In the past posts, I have mainly been talking about automated trading strategies based on simple logic, rule-based and technical analysis driven. In this post I want to share how we can use machine learning algorithms, particularly those that are suited for classification problems to predict the next day market direction. Yes, I mean only the next day price direction, and not the next month or next 6 months. The reason why I am focusing on such a small time horizon if because it should in theory be easier to predict the short-term, rather than the medium or long term.Let’s jump into it.
I will use light crude oil futures data. I have the data loaded from a csv file. The data contains, daily Open, high, low and close price of crude oil futures (CL on Nymex). I then format or change the dataframe into an xts (specific time series format) in order to plot it with a candlestick plotting function from the Quantmod package.
library(tidyverse)
library(lubridate)
library(quantmod)
library(ggplot2)
price <- read.csv("wtiDaily.csv")
setup_data <- function(pricedata) {
#Small function to format the data into xts format
names(pricedata) <- c("Date", "Open", "High", "Low", "Close")
dates <- parse_date_time(x = pricedata[,1], "mdy_HM", truncated = 3)
pricedata <- pricedata[,2:5]
pricedata <- xts(pricedata, order.by = dates)
}
price <- setup_data(price)
ema7 <- EMA(price$Close, n = 7)
ema20 <- EMA(price$Close, n = 20)
ema50 <- EMA(price$Close, n = 50)
ema70 <- EMA(price$Close, n = 70)
After having formatted the data, i use the function chartSeries to plot the data.
chartSeries(price, TA=NULL, subset = '2017-06::')
addEMA(n = 7,col = "orange")
addEMA(n = 20,col = "red"
Now that i have the graph, i need to explain how i am planning to use machine learning predict the next day price direction. Another of saying this is also predicting the next day candle type. Since a daily bull/green candle is equivalent to price going higher on that day, and a bear/red candle is equivalent to price going lower on that day; It means i will be predicting whether the next day’s candle will be a bull or a bear candle. In order to do so, looking at the chart above, my hypothesis is if a use some variables as predictor variables or features in my machine learning algorithm, i should be able to predict fairly well the next day’s candle and therefore have an increasing equity curve. For variables or features, i will use the following:
candle.type.current <- data.frame(ifelse( price$Close > price$Open, "bull", "bear"))

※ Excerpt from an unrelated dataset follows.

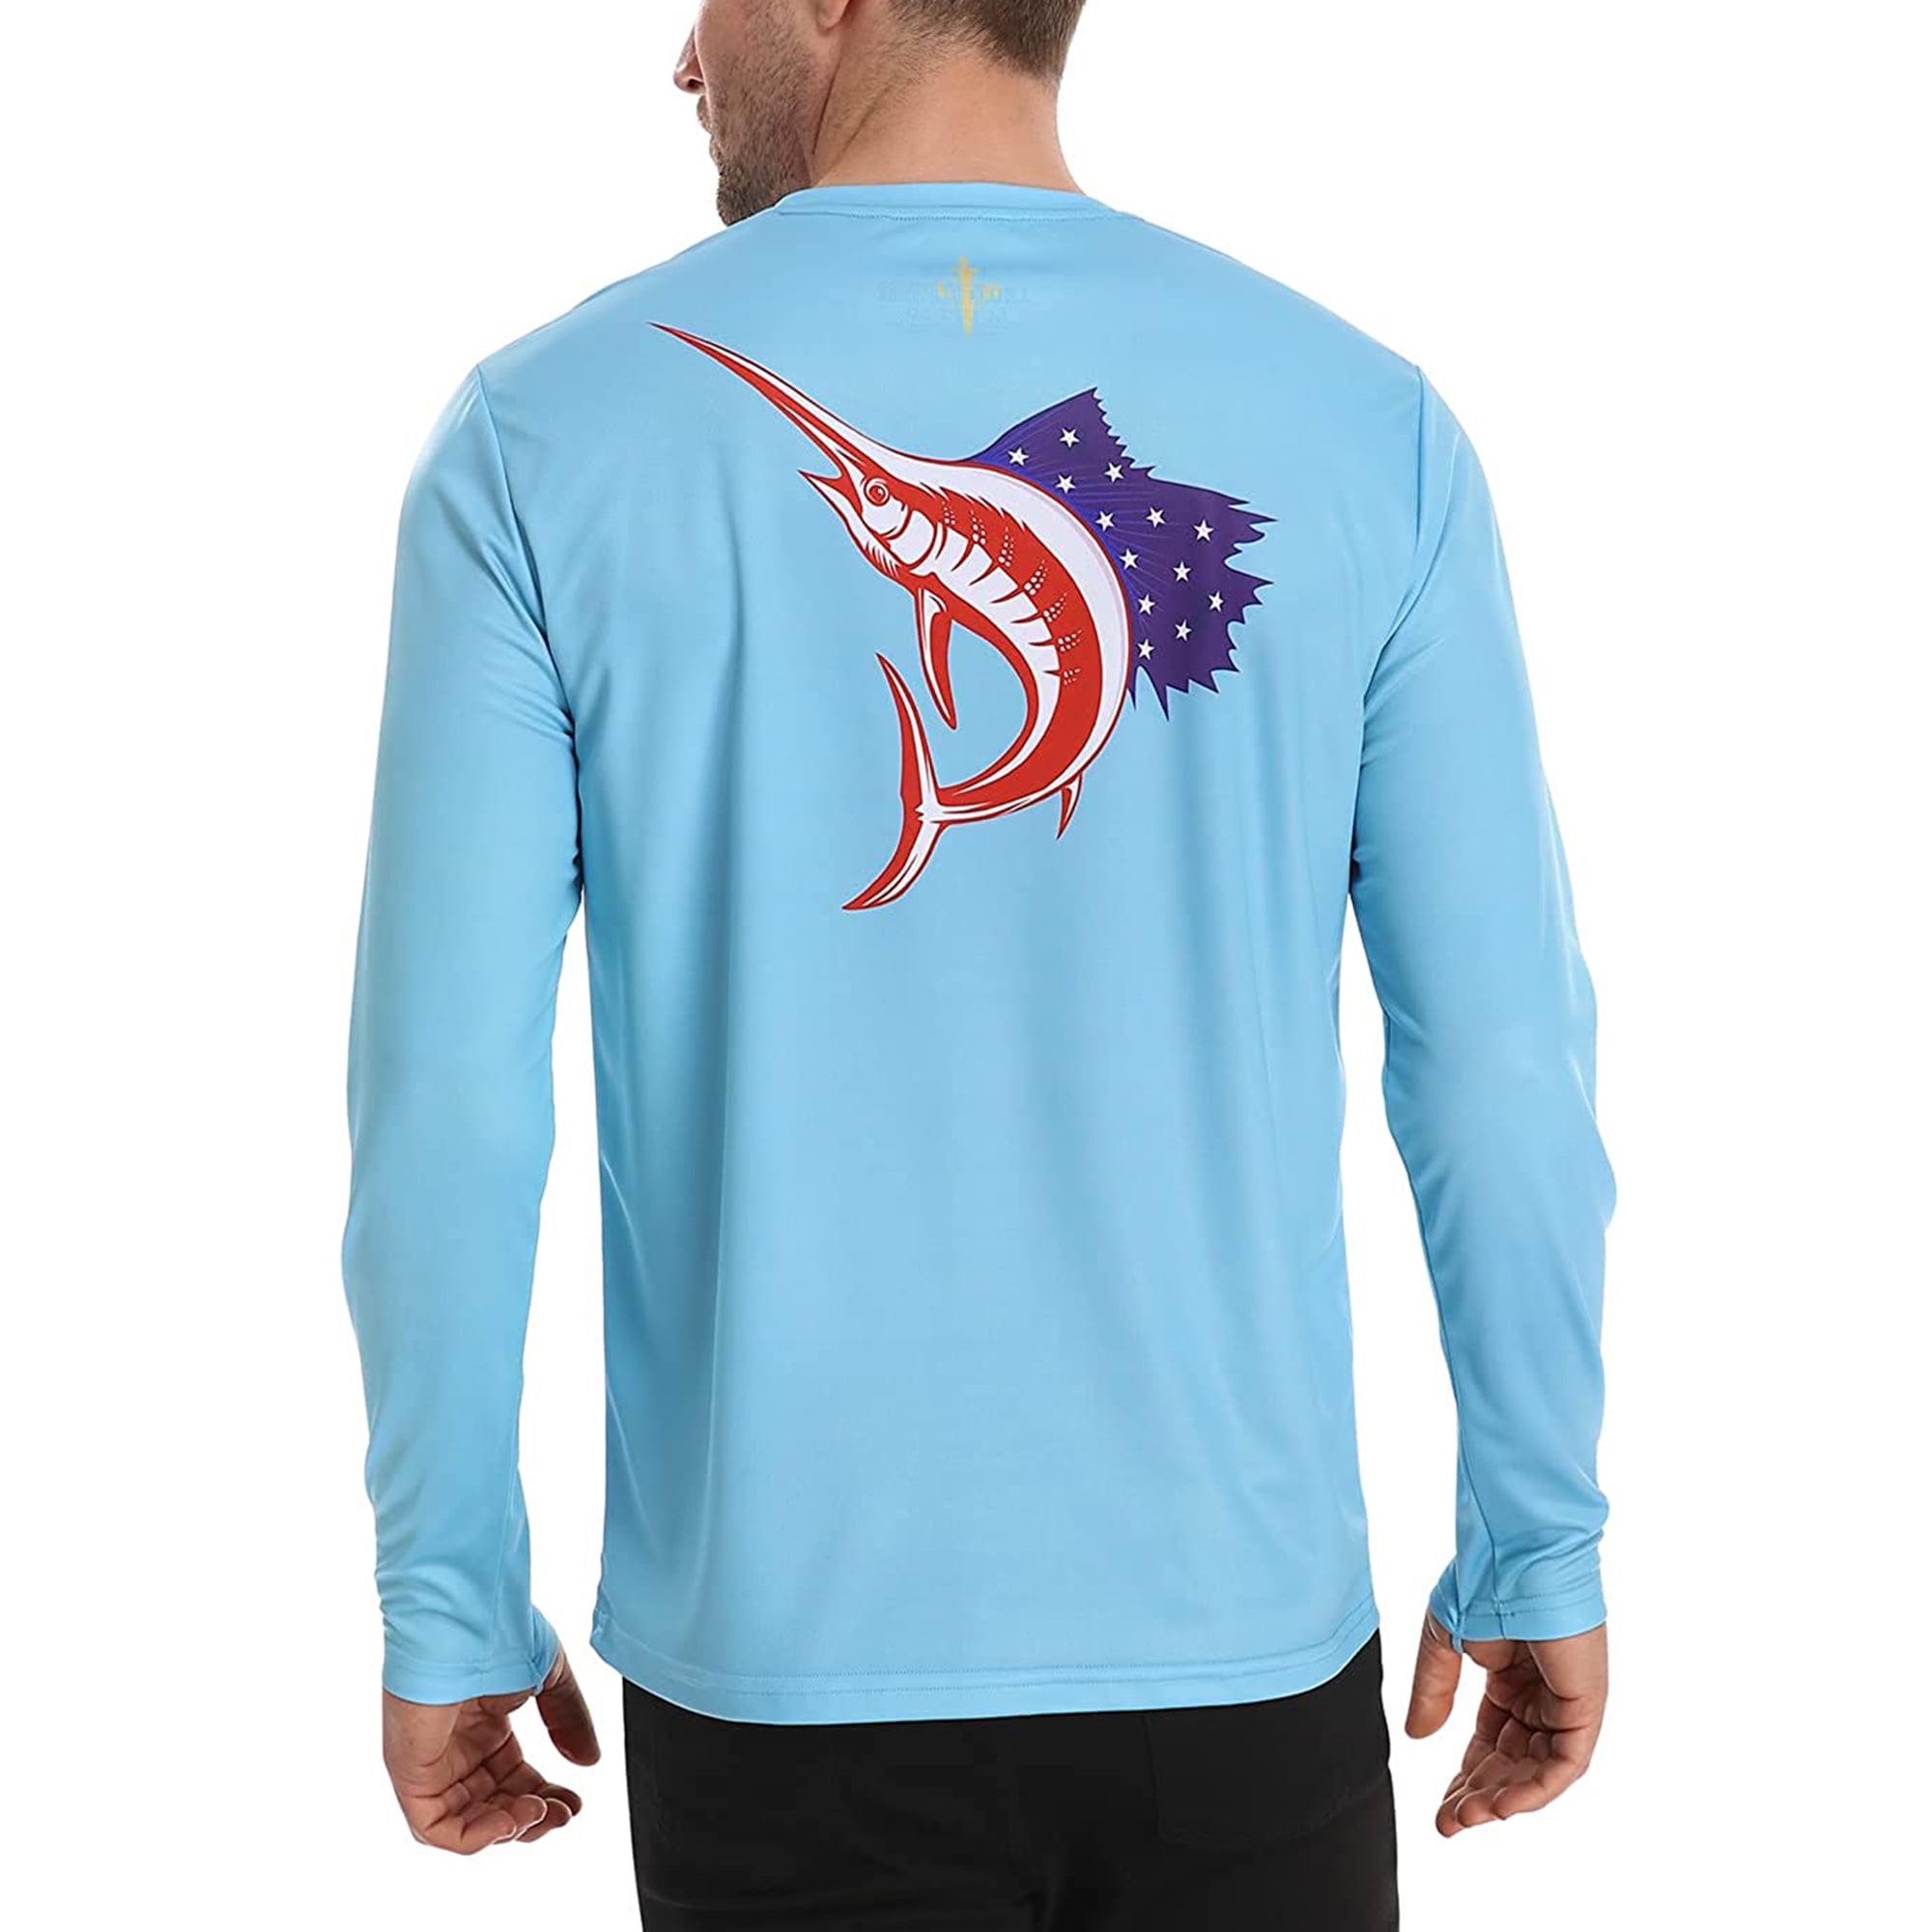 LRD Fishing Shirts for Men Long Sleeve UPF 50 Sun Protection Performance  Shirt USA Sailfish Blue - XXXL 
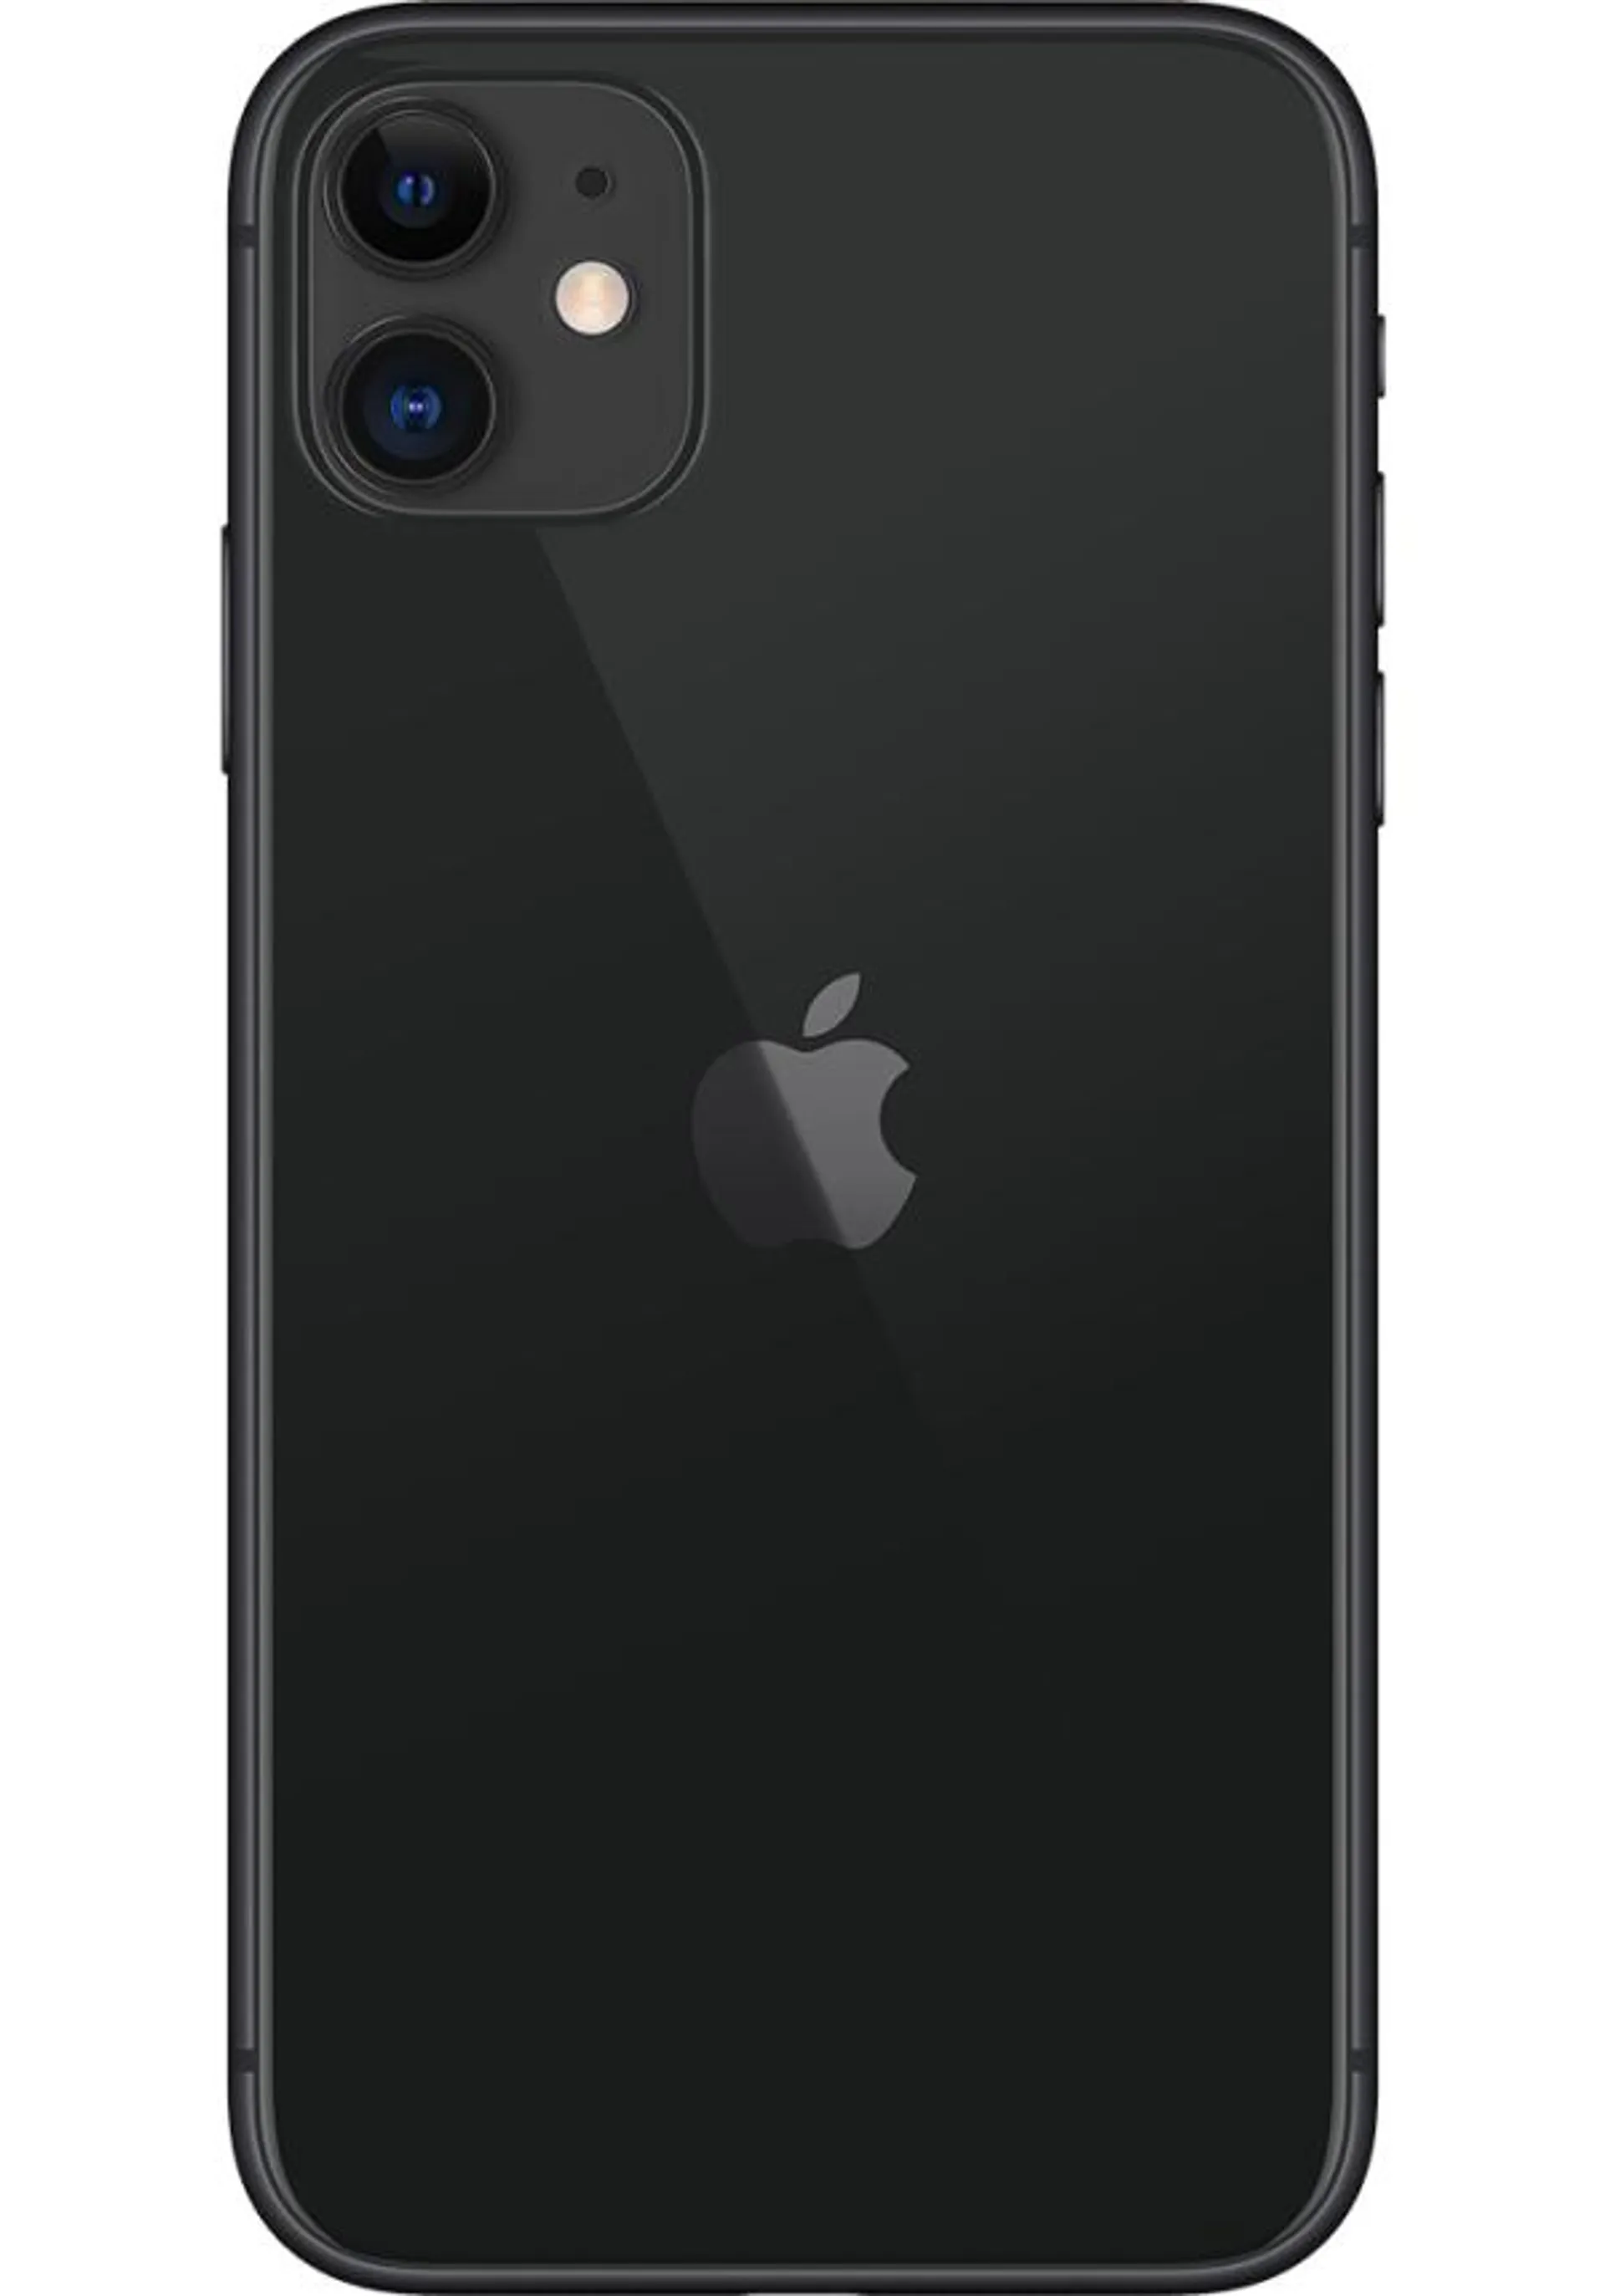 Apple iPhone 11 Very Good Black 64GB Refurbished

candle.type.previous <- data.frame(lag(candle.type.current$Close, n = 1))
candle.next.day <- data.frame(lead(candle.type.current$Close, n = 1))
position.to.ema7 <- data.frame(ifelse(price$Close > ema7, "above", "below"))
dailywin <- data.frame(abs(price$Close - price$Open))
candle.nextday.win <- lead(dailywin$Close, 1)
#Making up the dataframe with all the features as columns
dailyprice <- data.frame(candle.type.current,candle.type.previous,
position.to.ema7, dailywin,
candle.nextday.win, candle.next.day)
# naming the dataframe columns
names(dailyprice) <- c("candle.type.current", "candle.type.previous",
"position.to.ema7", "dailywin",
"candle.nextday.win","candle.next.day")
#filtering out the data with NAs
dailyprice <- slice(dailyprice, 7:length(dailyprice$candle.type.previous))
After defining the features and i then go ahead and divide the data into train and test set. The data contains about 500 obversations (Trading days from June 2017 to August 2018). I use 300 data points as training set and the rest as test set. I also create a “formula”, specifying what is my target variable (what i am trying to predict) and the features.
#Splitting the data into training and testing
testRange <- 300:500
trainRange <- 1:300
test <- dailyprice[testRange,]
train <- dailyprice[trainRange,]
#Defining the formula: Target variables and predictors
target <- "candle.next.day"
predictors.variable <- c("candle.type.current", "candle.type.previous",
"position.to.ema7", "dailywin")
predictors <- paste(predictors.variable, collapse = "+")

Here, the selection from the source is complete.